Mistletoe Survival Kit

The other day while I was sorting through old stuff, I reminisced over a Christmas scavenger hunt my once-upon-a-time-friend hosted a couple years ago. Sadly, our friendship faced an ugly and inevitable end but this scavenger hunt happened to be one of my better memories with her. Thought I would share this with you – it’s hilarious IMO. I’m not sure if this is an original idea of hers or a Pinterest remake.

Disclaimer: The following instructions contain incoherent ideas, grammar/spelling mistakes, and humor. Read at your own risk. If the mistletoe ends up giving you hives, don’t come crying to me.

Welcome to the Mistletoe Survival Kit! 

We’ve all encountered it. Whether it in your grandmother’s living room, or above the door to a random dark ally. It’s green and usually round ball appearance. Of course, this thing of pleasure or pain being mistletoe.

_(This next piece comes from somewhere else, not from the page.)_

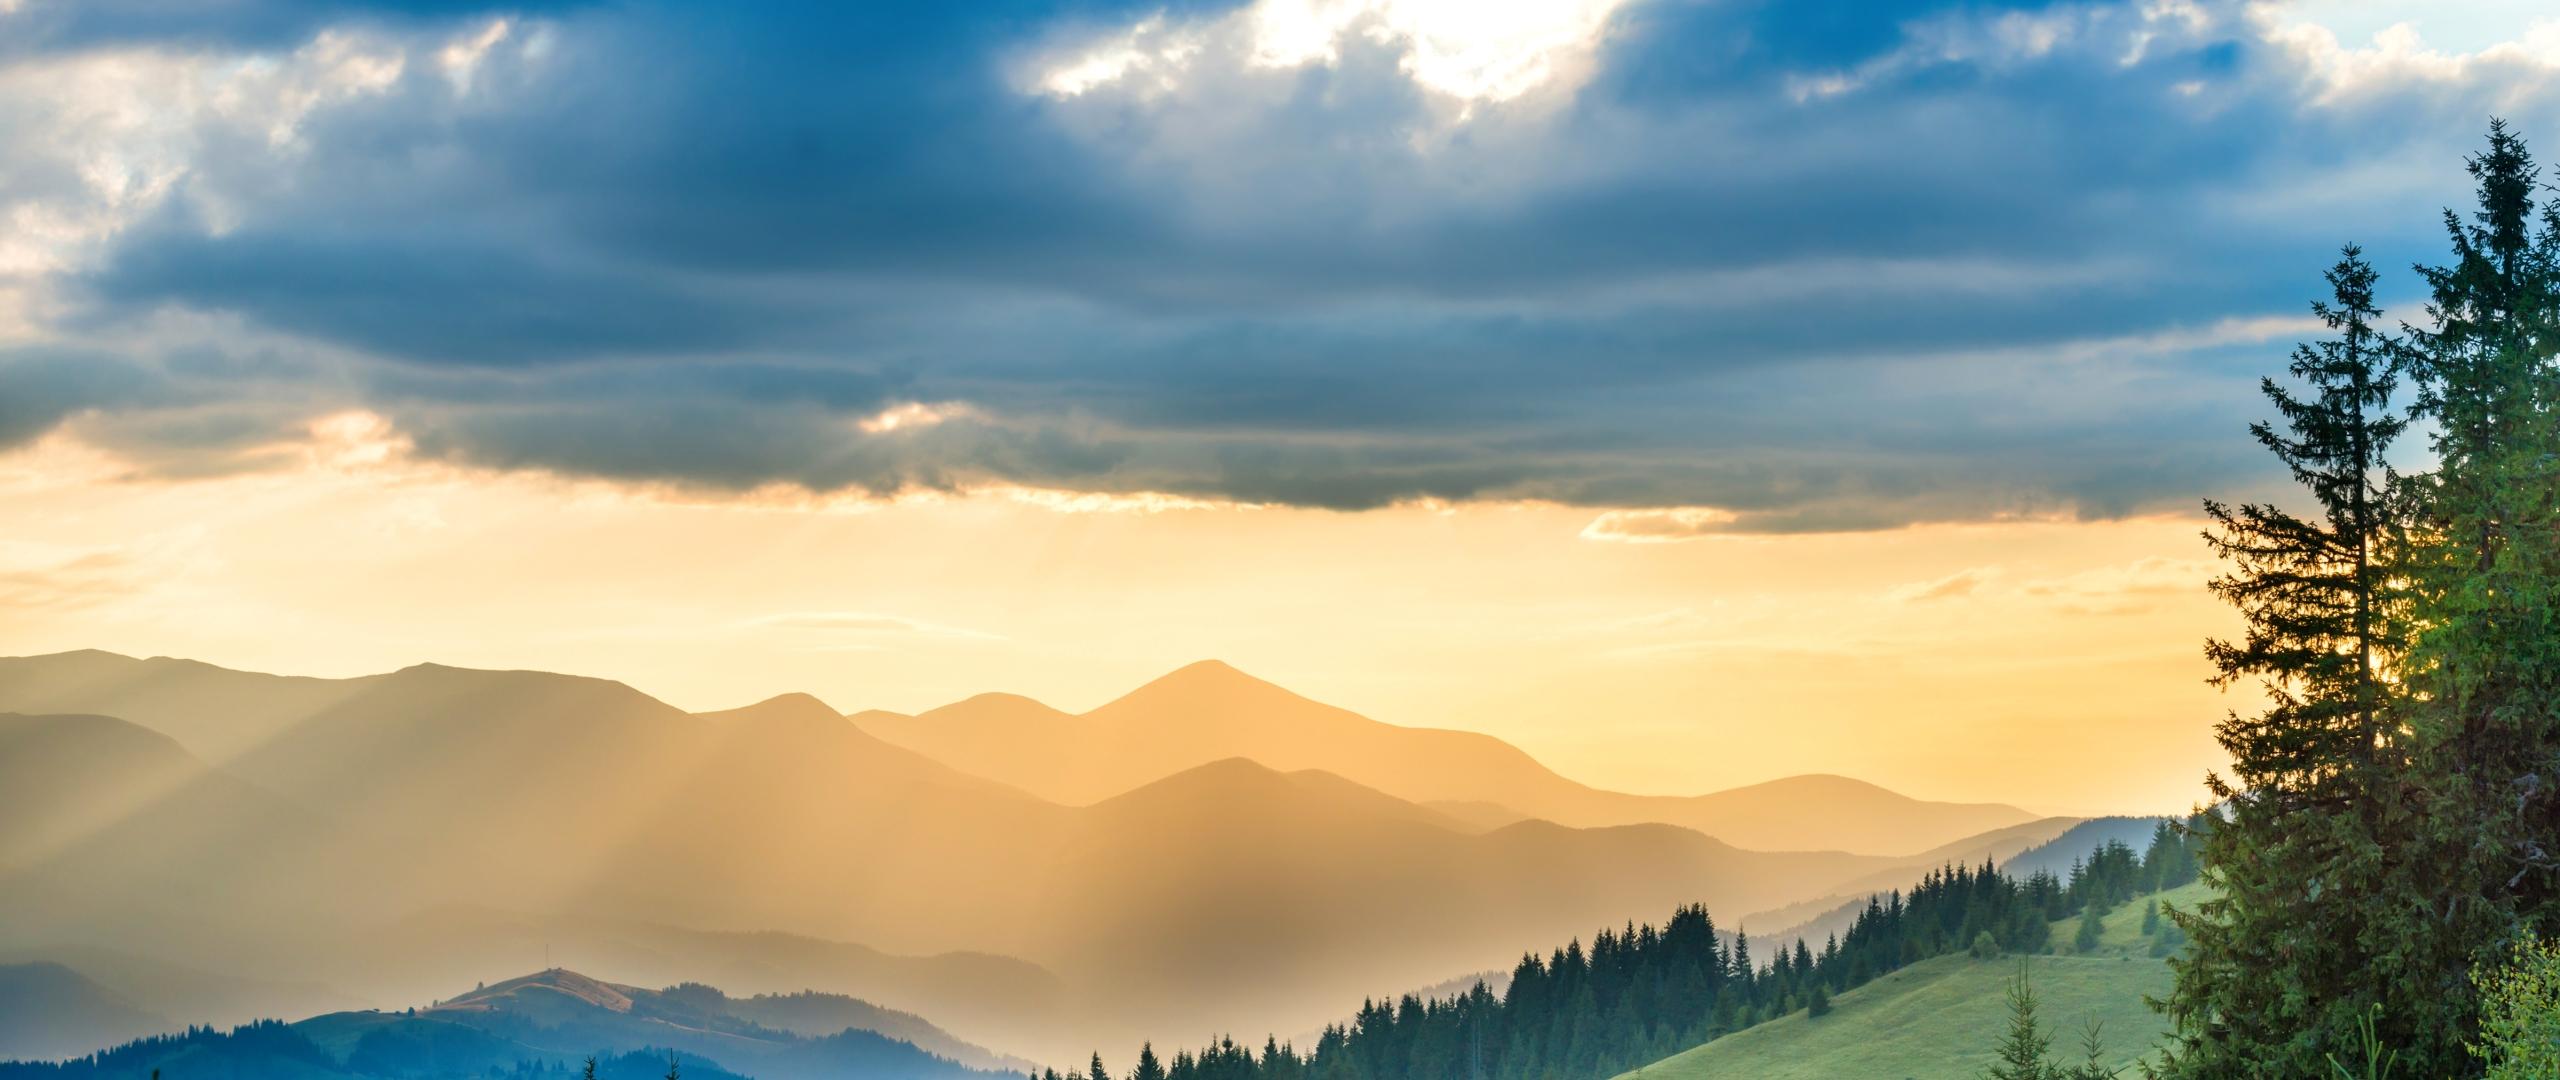 2560x1080 landscape mountains sunbeam nature 2560x1080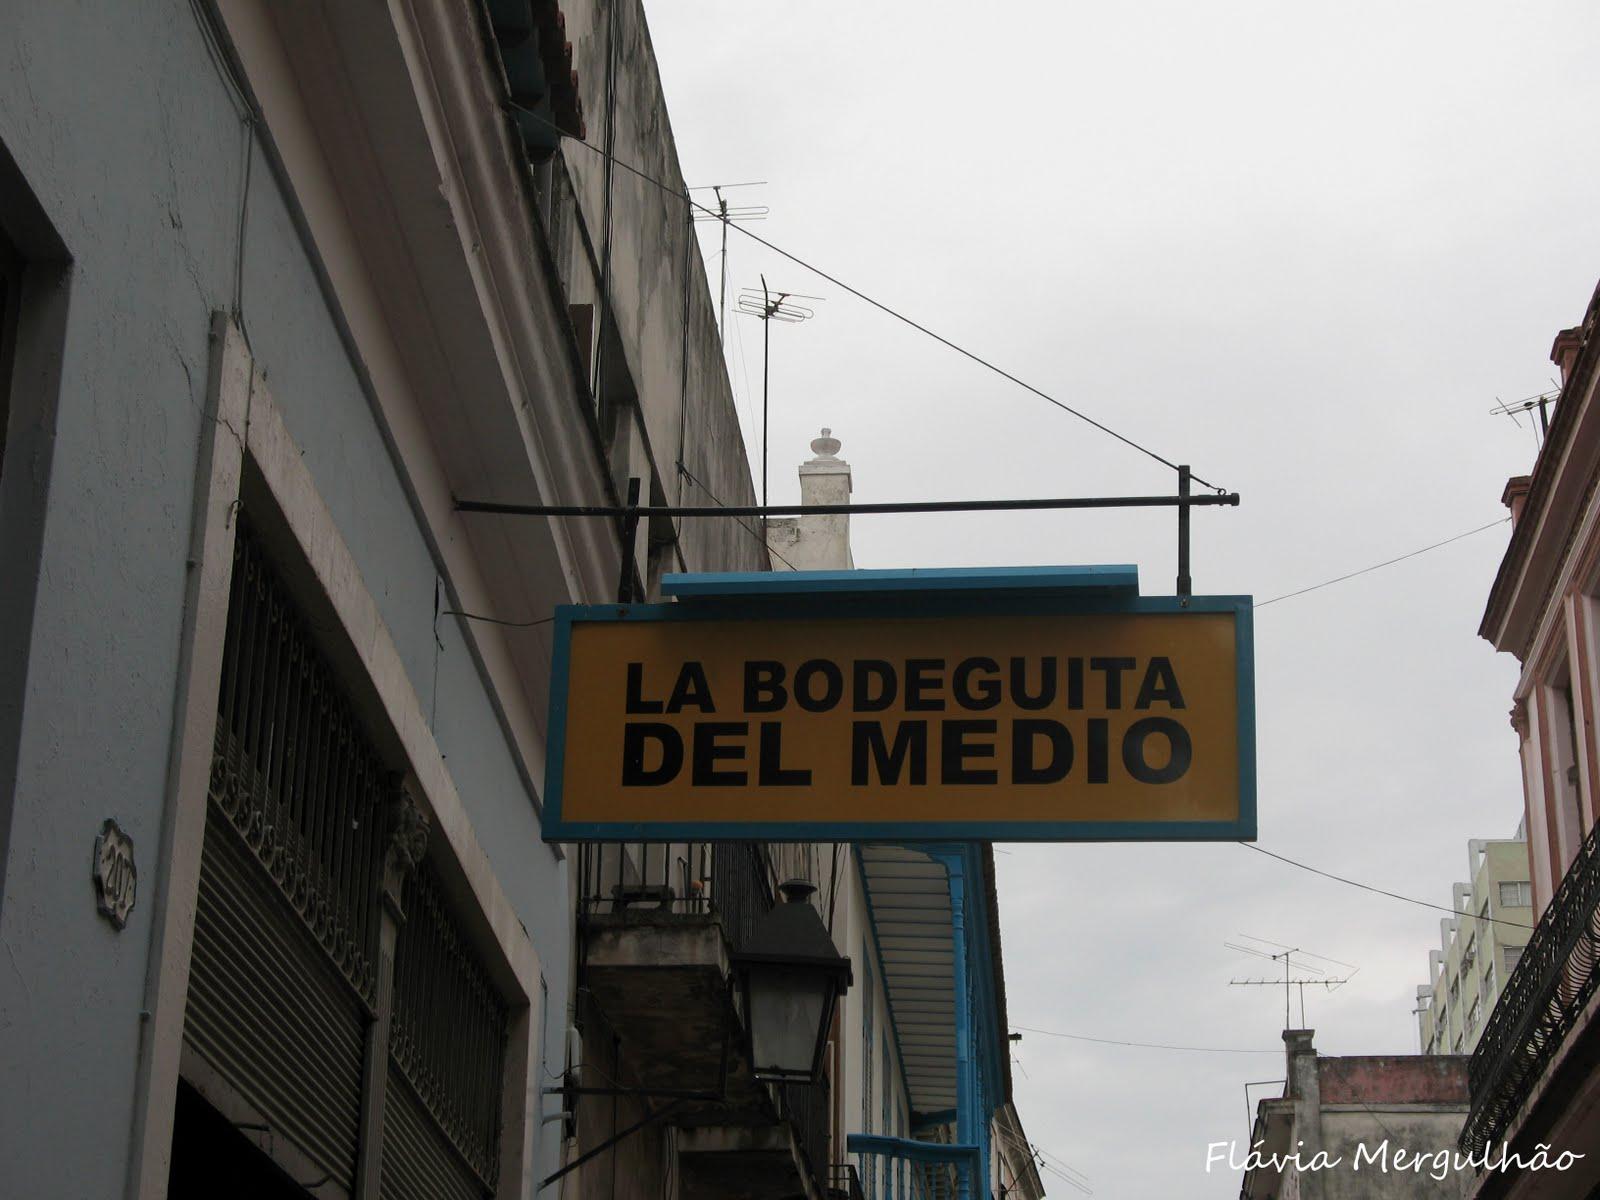 Cuba - Havana, Trinidad e Santa Clara : Cuba - Relatos de Viagem

Now you might be asking yourself, “why do I need this?” Well, Random fact #1, Mistletoe can kill you. That’s right, it’s poisonous. And if this man you’re kissing under it turns out to be some kind of mass mistletoe killer, you’ll thank me. Inside this box, you will find everything you will need to survive this unnerving event.

Red being if the smooch goes as planned, Green is if the man of your dreams ended up with dog breath.

Good luck, and Happy Smooching!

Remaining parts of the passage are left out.